Having set out that long list of asks and questions for the Government, I will round off, not with clunky data or questions, but with a case study. Aquira is head girl at her community school in rural Zambia. She says:
“When I was younger, my uncle took me to Lusaka, the capital city of Zambia, and his wife made me into a maid. I did the housework, cooking, and looked after their children. After some time, I was 10 years old and I contacted my mum and said Uncle wasn’t taking me to school so she said she would come and get me. But my Uncle refused.”
Aquira was eventually able to return to school, after contacting her mother again, but she continues to face obstacles. She says:
“Sometimes, I stopped coming to school because of money.”
Aquira faces many barriers in her education journey, including a rural location, gender discrimination, employment and fees. None the less, she is supported by her family and her community to go to school, so she can realise her dream of becoming a nurse. That is Aquira’s story.
Hon. Members have perhaps noticed that I have been wearing a rather wonderful tartan tie throughout the debate. It is the school tie of Mount Vernon Primary School in my constituency. I have visited that school on a number of occasions and I know that the children there receive a first-class education, which they get because we as a society have chosen to invest in their education and provide them with the resources that they need. The distance from Mount Vernon Primary School to Aquira’s school in Zambia is well over 7,600 miles, but in an educational sense, they are probably even further apart.
My message to the Government today is crystal clear: let us get to a place where children like Aquira receive the same high-quality education as the children at Mount Vernon who proudly wear these ties. With political will and the support of hon. Members, as well as that of our constituents, that is not an unachievable aim, but one towards which we should all be proud to work.
At one point I was worried the debate would collapse early, given the rate at which we were getting through speeches, but we can always rely on certain Members—the hon. Member for Strangford (Jim Shannon) included—to pad things out.
In all seriousness, we had an excellent debate. I often say to my constituents back home in Glasgow that Westminster Hall is the place where I most enjoy being in Westminster. I am a Scottish nationalist politician, so I generally do not enjoy being in Westminster, but Westminster Hall is the safe space I come to. It is a place where we do consensus politics, and the House is at its best when we speak with one voice.

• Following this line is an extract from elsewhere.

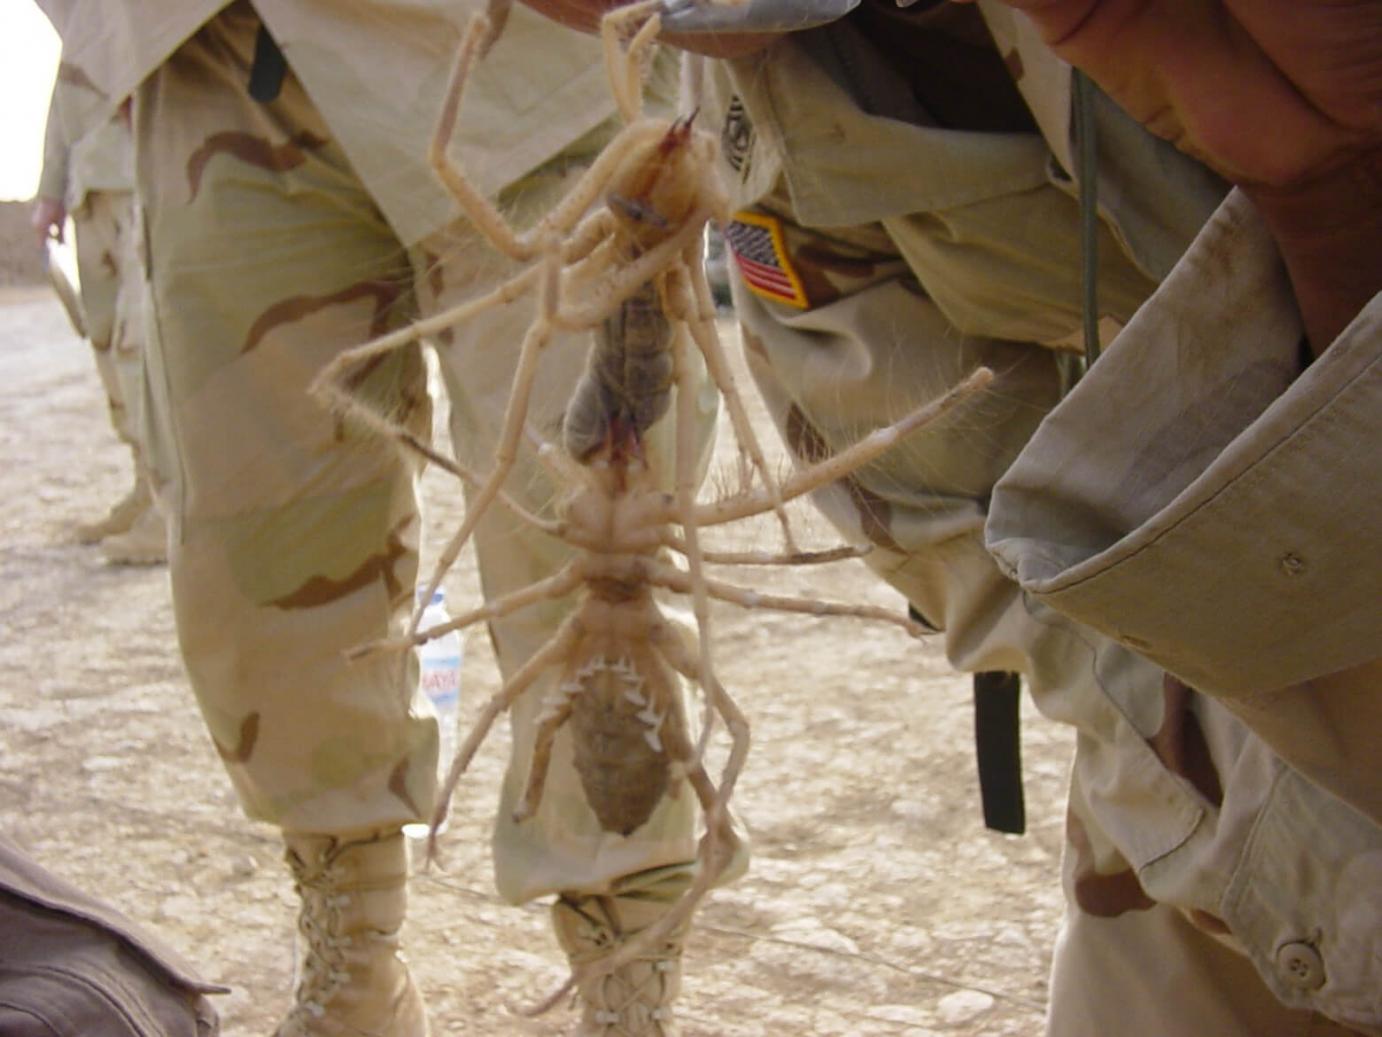 a spider is held by comrades in the armed forces while over seas

The Minister is right that there was only one bone of contention. Well, perhaps there were two, if we count whether we should explain 0.7% to primary school pupils as 70p in £100 or 7p in a tenner, but the only real bone of contention was private involvement, on which there is perhaps more for us to talk about.
Debates like this are about ensuring that the House empowers the Minister to go to the Treasury and argue for further investment and resources. I think we did that very well. Much more can be done to move this agenda forward through the all-party parliamentary group on global education for all, which is chaired by the hon. Member for Liverpool, West Derby (Stephen Twigg), but given the consensus we heard today, I am confident that we can move forward. I am sure we all look forward to having many more debates like this one and much more of the open dialogue I have greatly appreciated this afternoon.
Question put and agreed to.
Resolved,
That this House has considered global education for the most marginalised.